3.       Tax Implication: Many incomes earlier classified as FTS are now treated as PE income. Tax will be applied on profit rather than on the gross amount.

4.       The change encourages more permanent economic presence in India. It may lead to more infrastructure development, greater job creation, higher technology transfer and long-term investment between India and France.

  1. BEPS and MLI:
    1. The concepts have now been explicitly incorporated into the India-France DTAA
    2. These provisions aim to prevent tax avoidance practices such as profit shifting and treaty shopping.
    3. Business arrangements between India and France should be based on genuine economic activity, not primarily for saving taxes.
  2. The amendment provides for seamless and continuous exchange of information between India and France.

Q6. What are the overall benefits of the 2026 amendment to the India-France DTAA?

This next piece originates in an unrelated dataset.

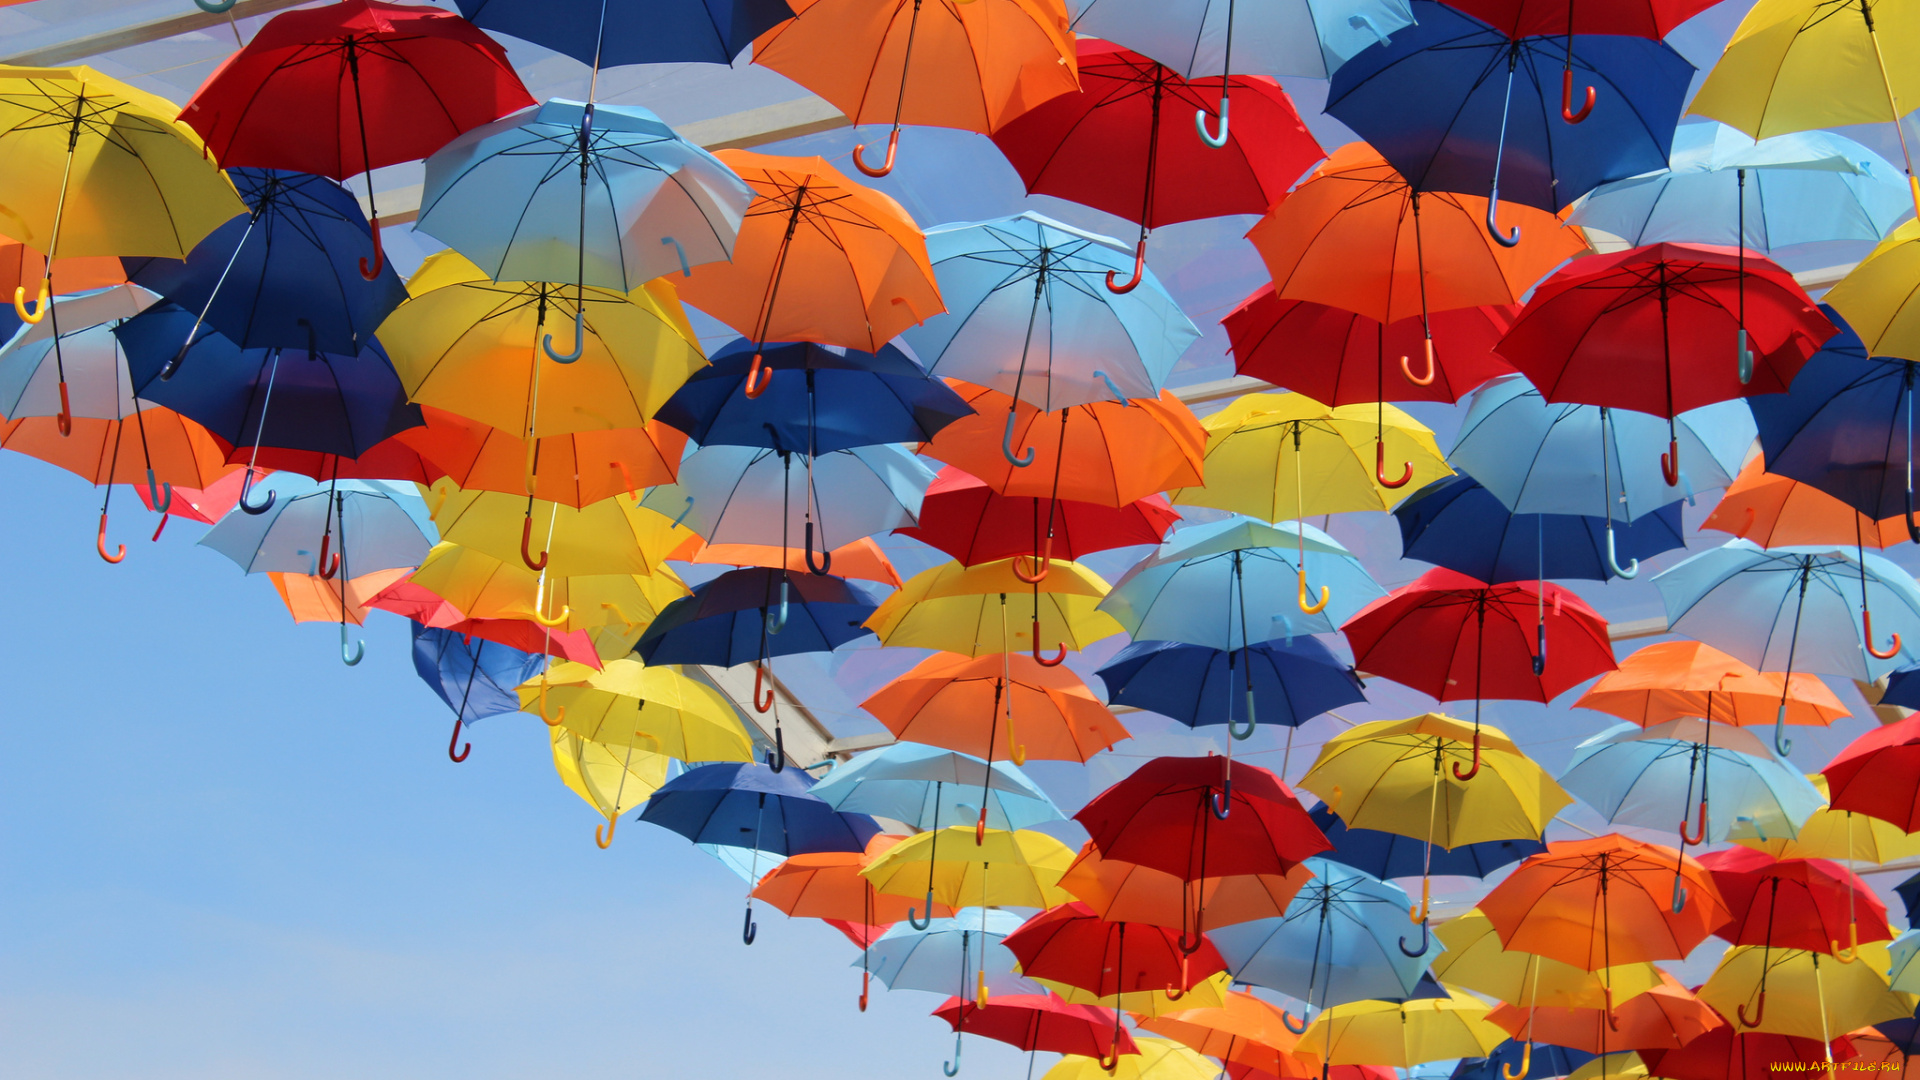 разное, сумки, кошельки, зонты, яркие, разноцветные, зонтики, небо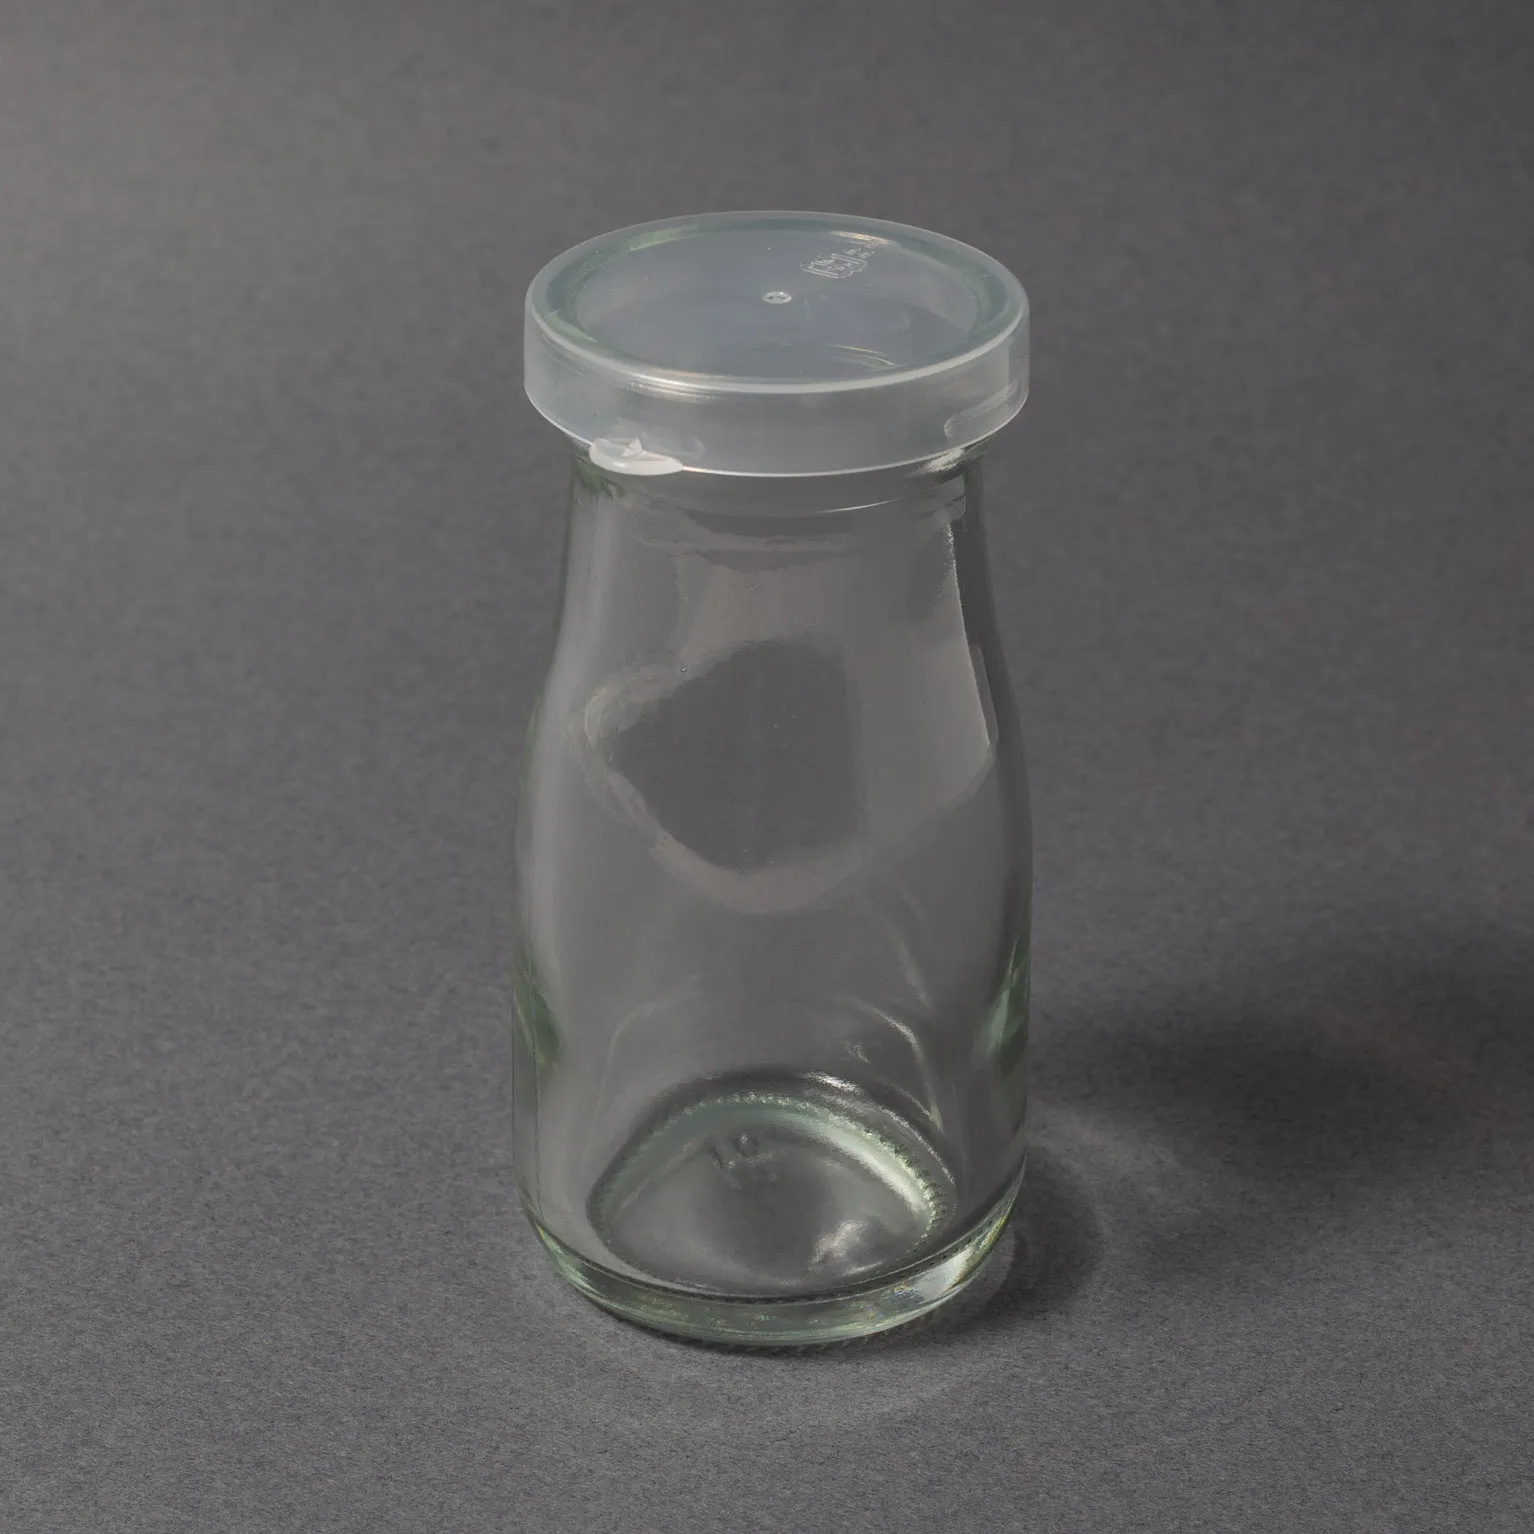 CD‐601 ロングミルク瓶 950㏄ 144

  1. Increase in Source-Based Taxation: The country where the income is generated (source country) will have stronger taxing rights.
  2. Prevention of Profit Shifting: With the explicit inclusion of Base Erosion and Profit Shifting (BEPS) provisions, companies will find it difficult to shift profits to tax havens just to reduce tax liability.
  3. Reduction in Tax Uncertainty: Earlier, the Most Favoured Nation Clause (MFN) created confusion and uncertainty in tax interpretation. After its removal, greater clarity and certainty in taxation rules will emerge.
  4. Increase in Investment and Technology Transfer: Clearer taxation rules and stronger permanent establishment provisions may encourage greater investment between India and France. This may also lead to higher technology transfer and economic cooperation.
  5. Reduction in Litigation: With clearer treaty provisions and removal of MFN-related disputes, tax-related litigation between companies and governments is likely to decrease.